> THE PROBLEM: Print the data exactly as written, line for line, and leave its pictures behind.

> DATA SEGMENT:
============================================================

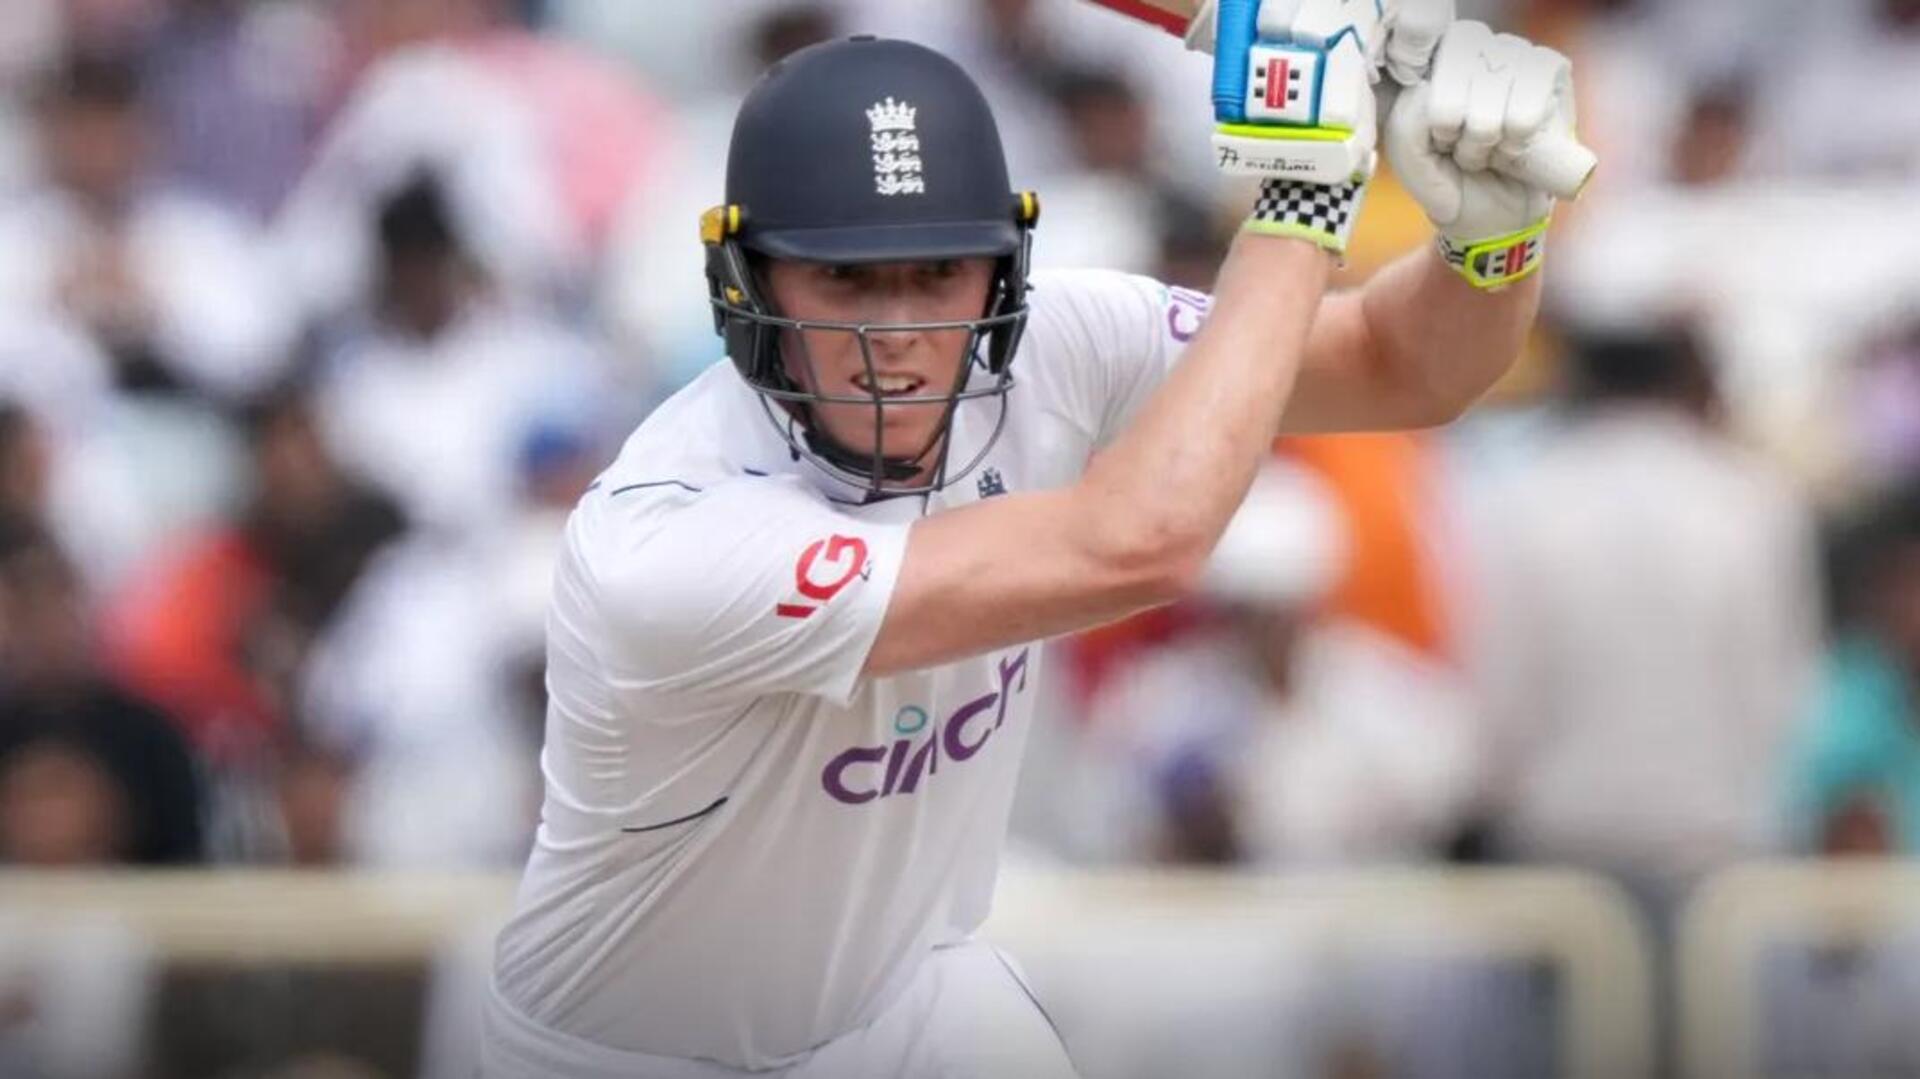 भारत बनाम इंग्लैंड: जैक क्रॉली ने बनाया टेस्ट सीरीज का तीसरा अर्धशतक, 2,500 रन भी पूरे
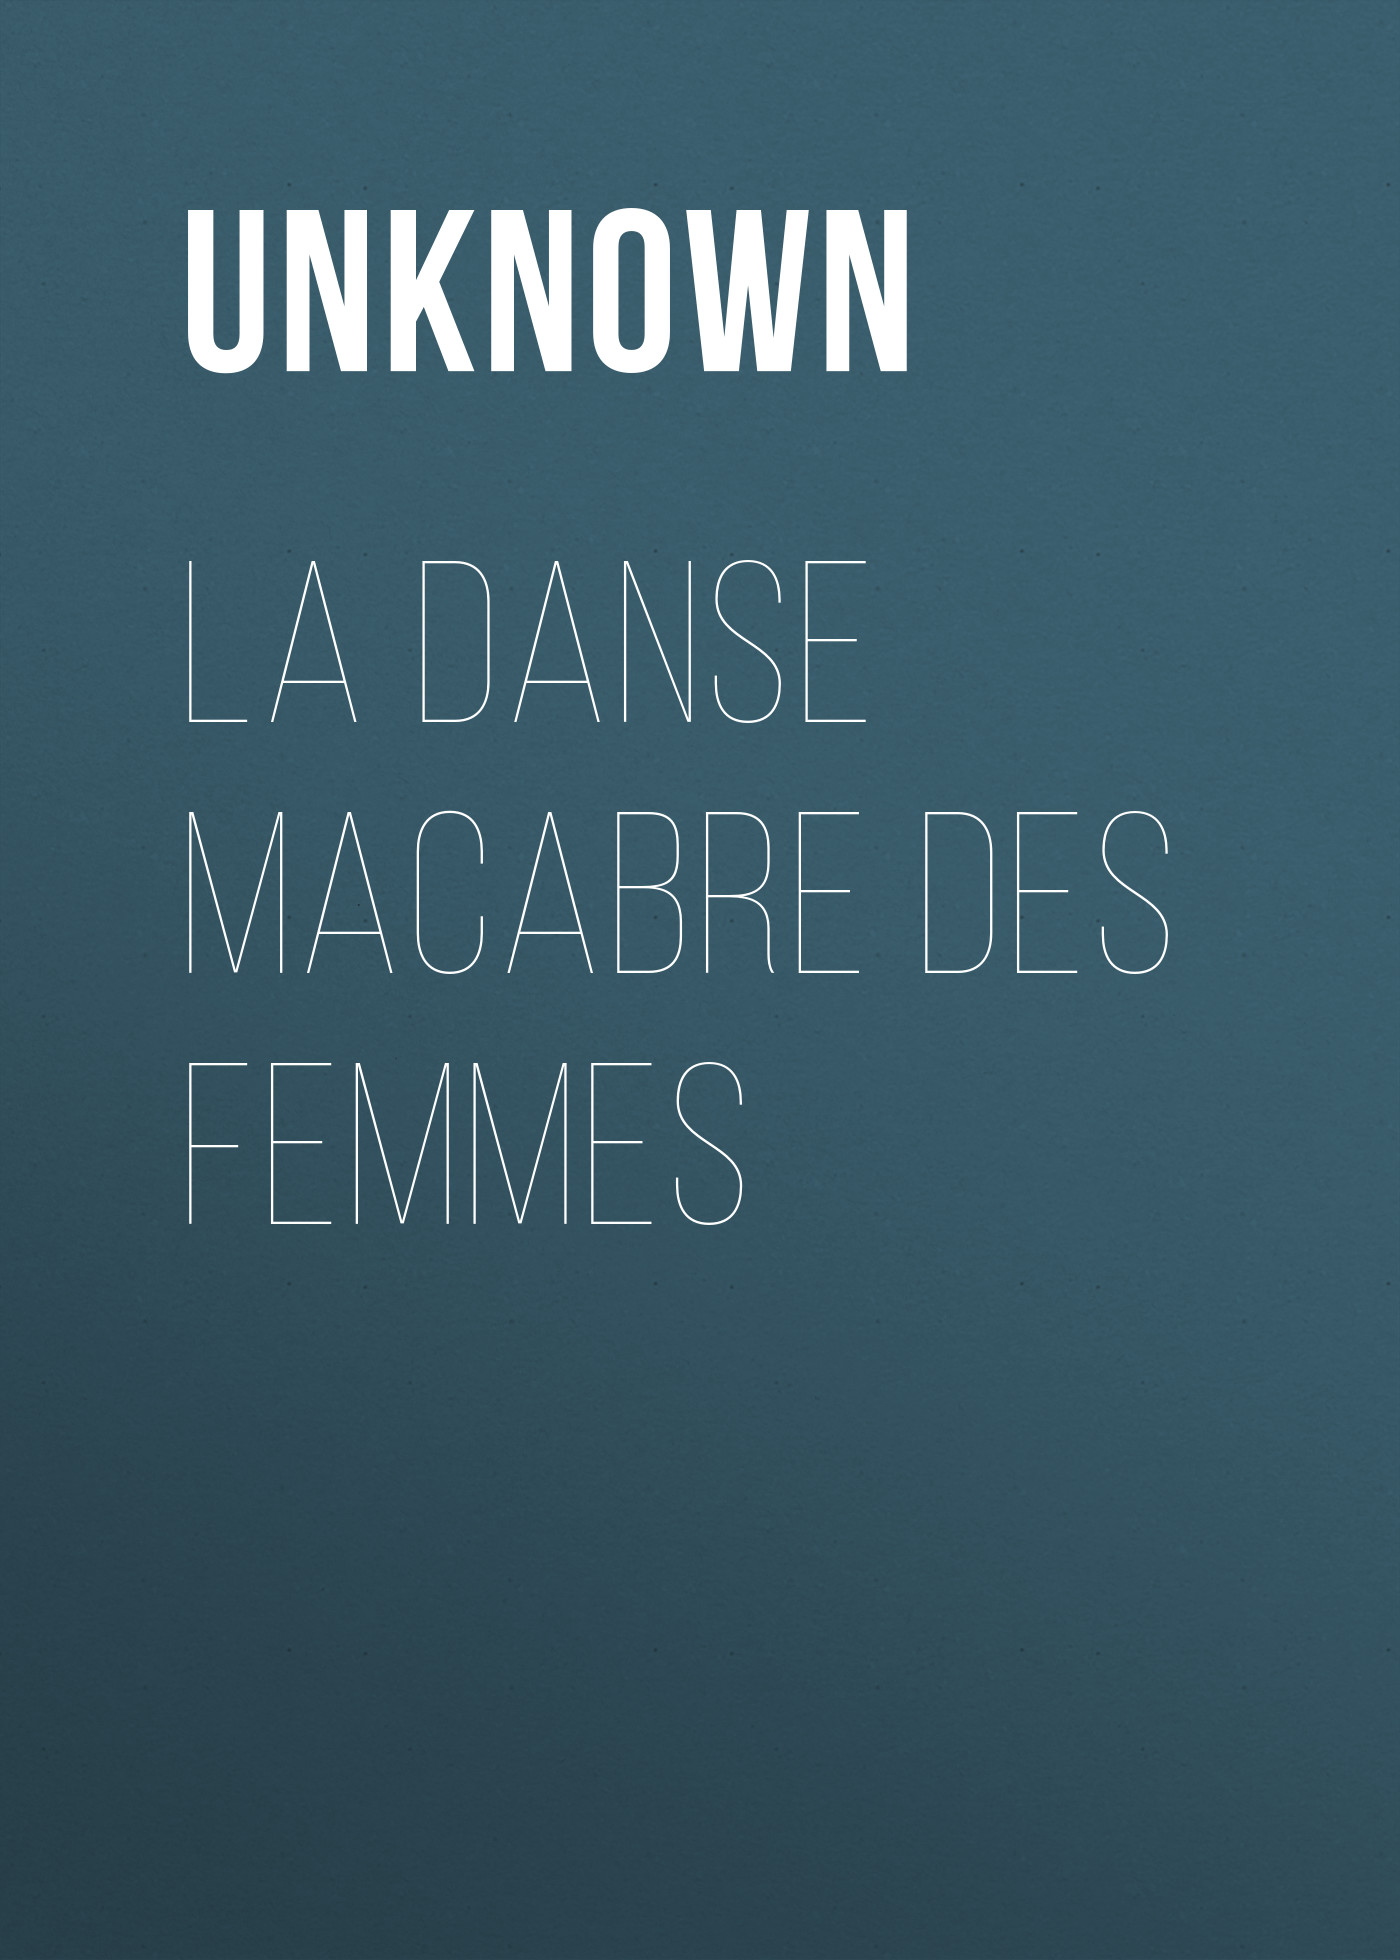 Книга La danse macabre des femmes из серии , созданная Unknown Unknown, может относится к жанру Зарубежные стихи, Поэзия, Зарубежная старинная литература, Зарубежная классика. Стоимость электронной книги La danse macabre des femmes с идентификатором 35496351 составляет 0 руб.
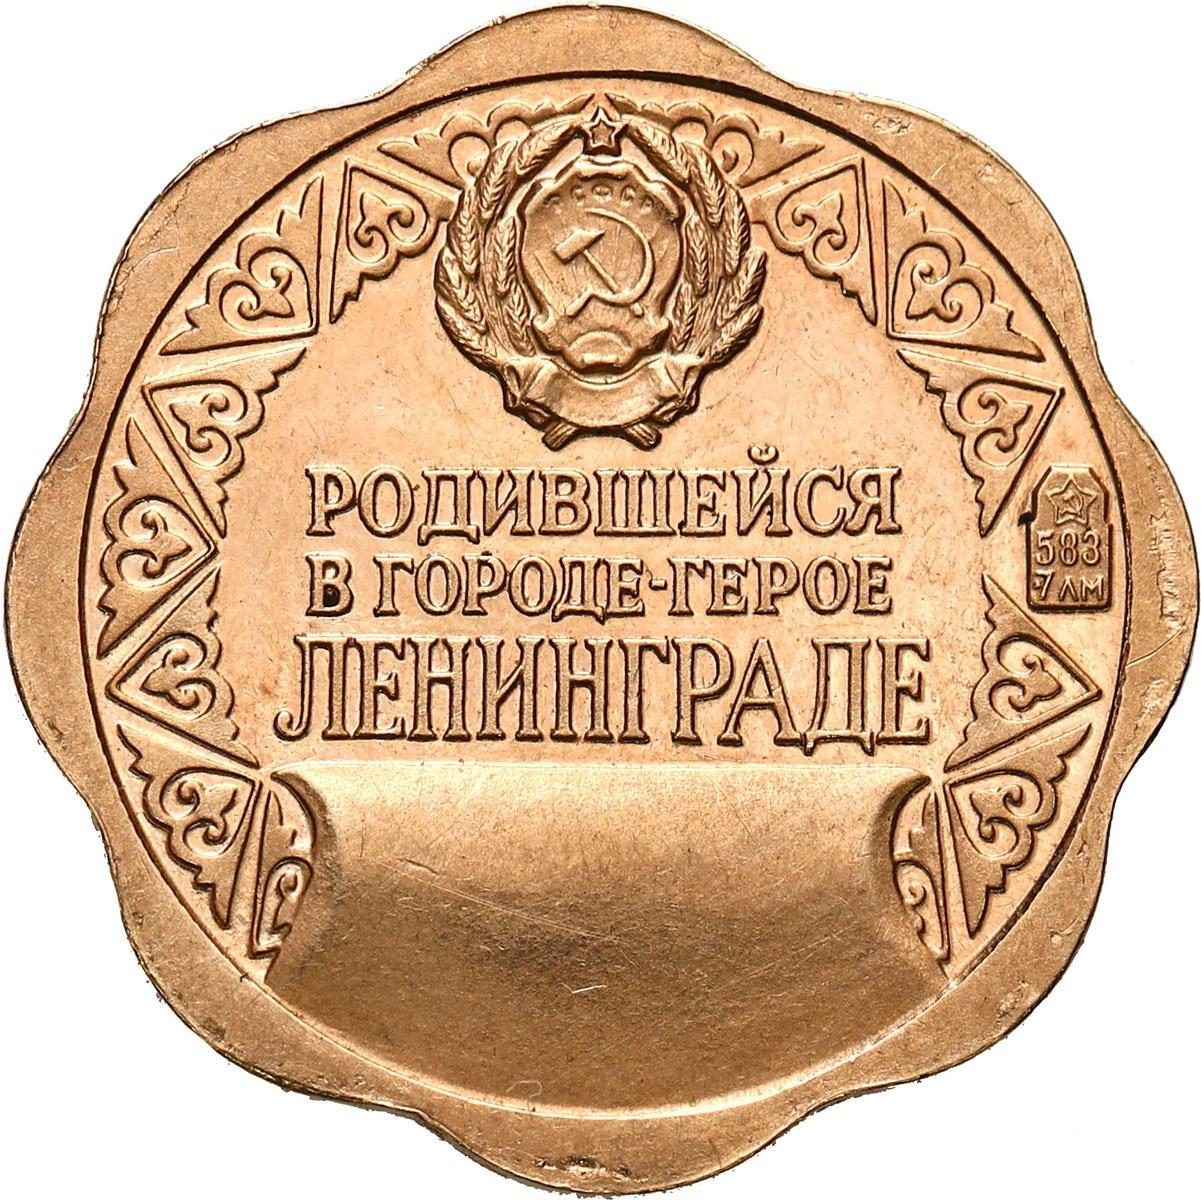 Rosja. Złoty medalik na Chrzest - Złoto

============================================================

> EXPECTED ANSWER:
 भारत बनाम इंग्लैंड: जैक क्रॉली ने बनाया टेस्ट सीरीज का तीसरा अर्धशतक, 2,500 रन भी पूरे
 Книга La danse macabre des femmes из серии , созданная Unknown Unknown, может относится к жанру Зарубежные стихи, Поэзия, Зарубежная старинная литература, Зарубежная классика. Стоимость электронной книги La danse macabre des femmes с идентификатором 35496351 составляет 0 руб.
 Rosja. Złoty medalik na Chrzest - Złoto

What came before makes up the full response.